A verbatim transcript of the data below is required, images omitted.

*DATA EXCERPT*:
== Segment start ==

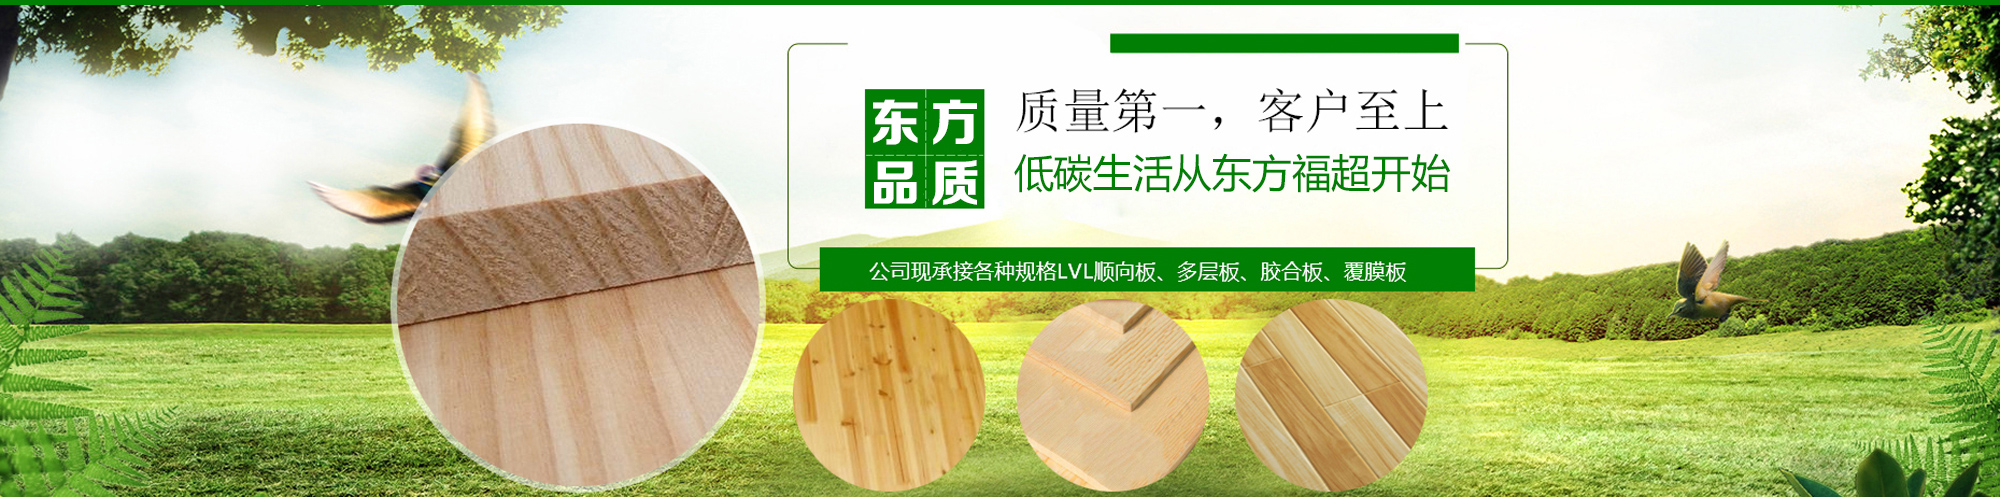 东方福超木业
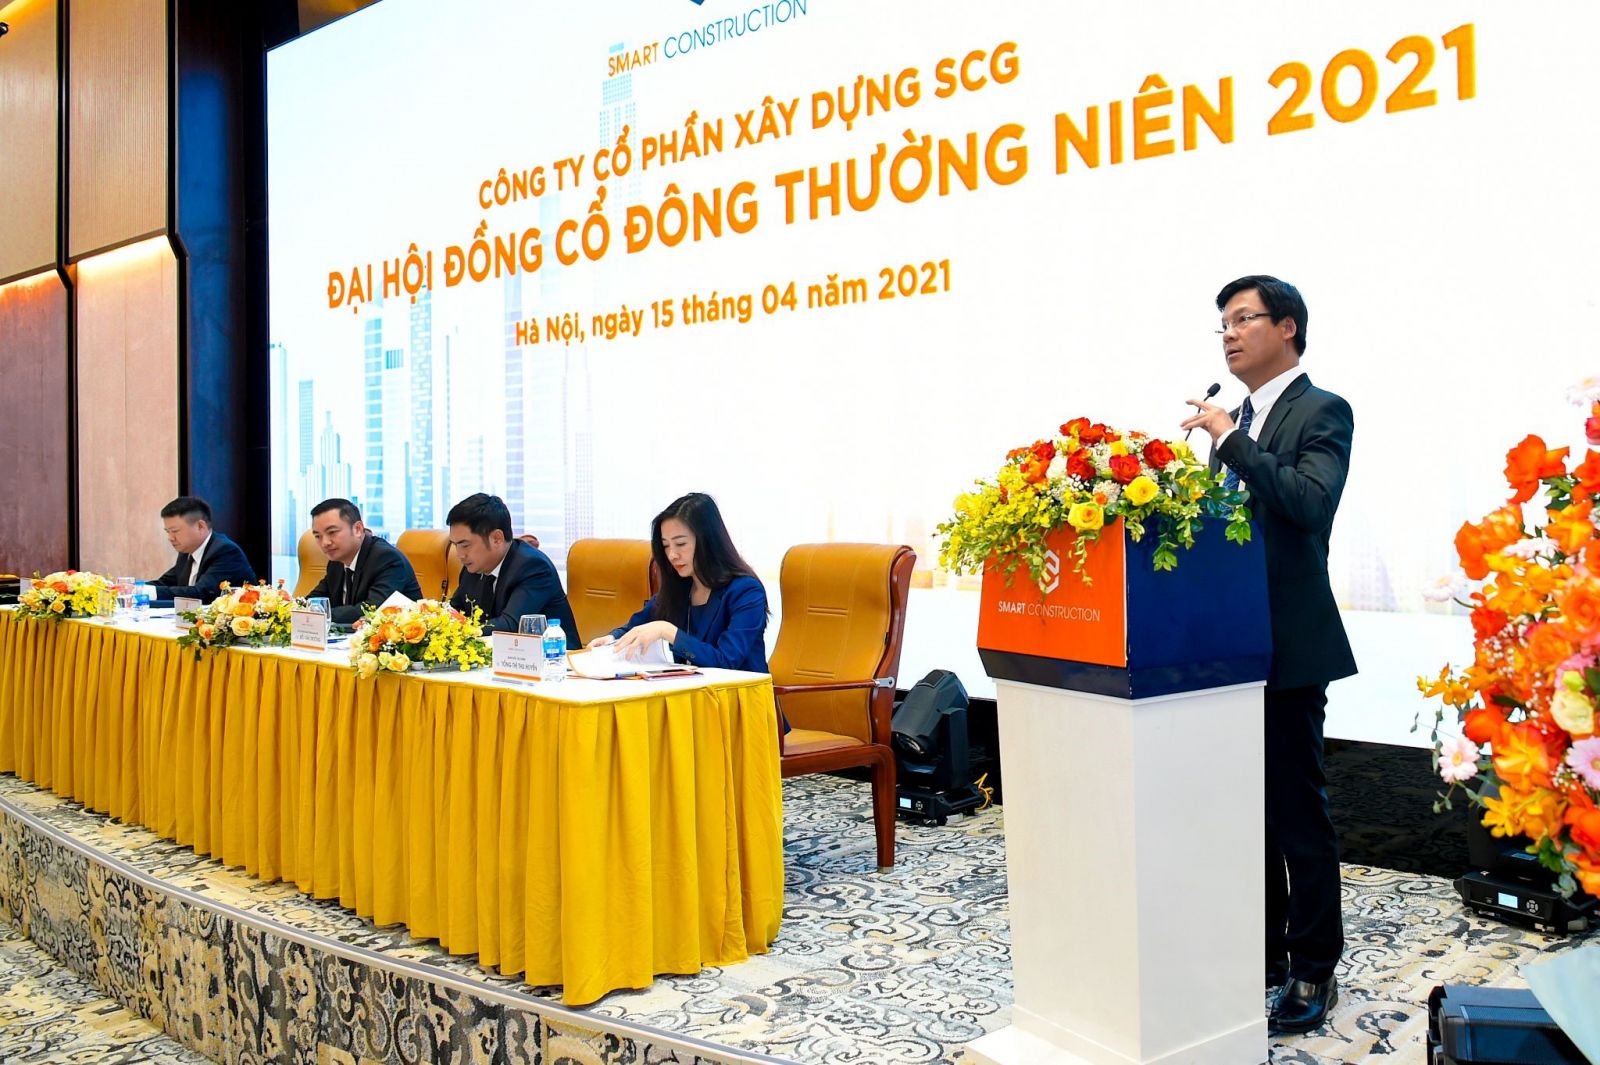 Ông Lê Văn Nam - Tổng Giám Đốc SCG, đại diện Ban điều hành công ty bày tỏ quyết tâm đạt được các mục tiêu tăng trưởng lợi nhuận và đẩy mạnh đầu tư trong năm 2021
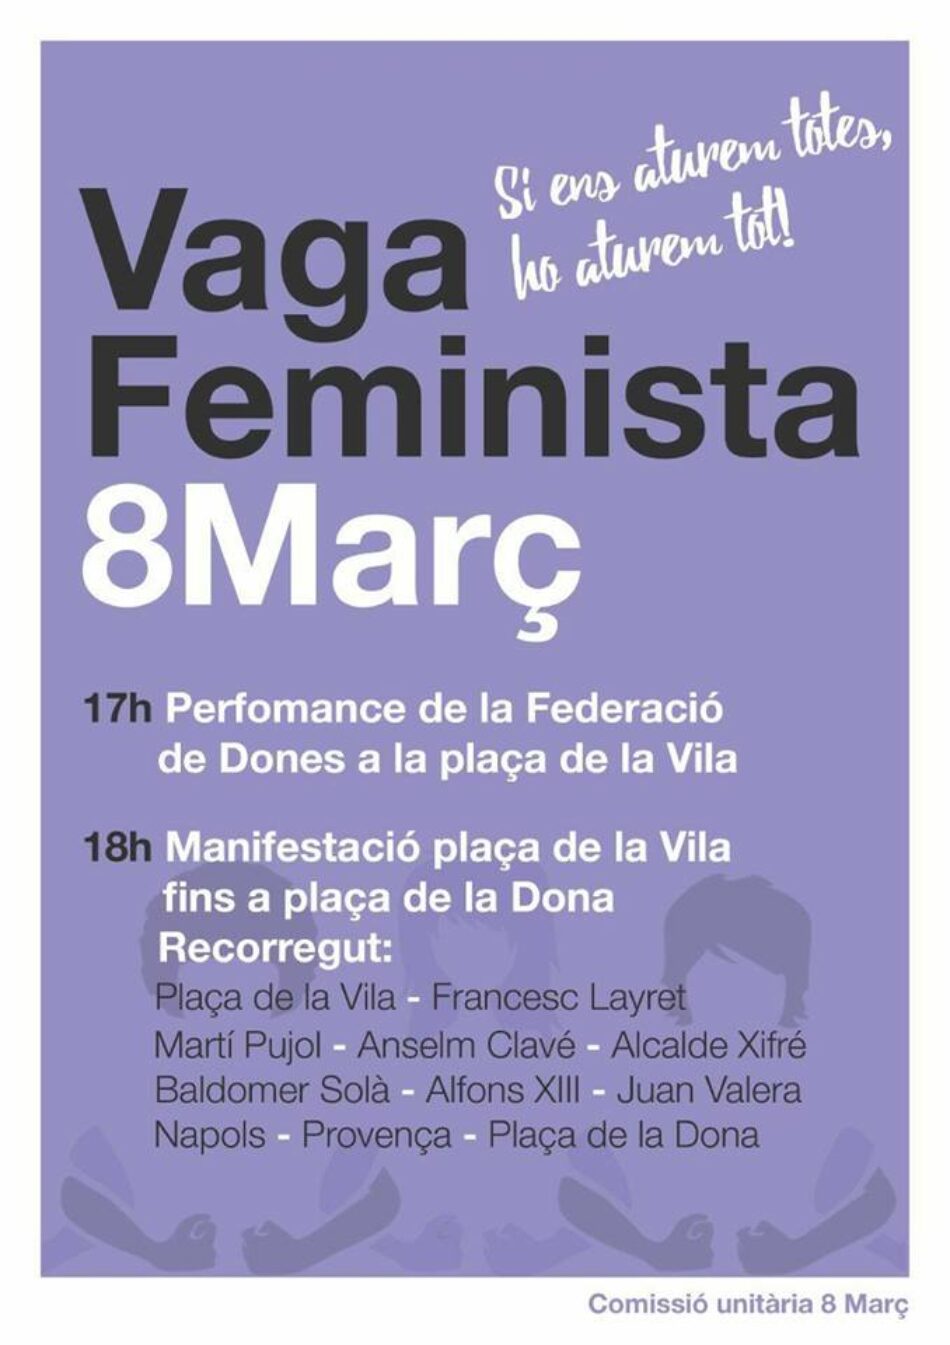 Badalona se suma a la convocatòria de vaga feminista amb motiu del 8 de març i crida a manifestar-nos juntes

== Segment end ==

*RESULT FOR THIS TASK*:
 东方福超木业
 Ông Lê Văn Nam - Tổng Giám Đốc SCG, đại diện Ban điều hành công ty bày tỏ quyết tâm đạt được các mục tiêu tăng trưởng lợi nhuận và đẩy mạnh đầu tư trong năm 2021
 Badalona se suma a la convocatòria de vaga feminista amb motiu del 8 de març i crida a manifestar-nos juntes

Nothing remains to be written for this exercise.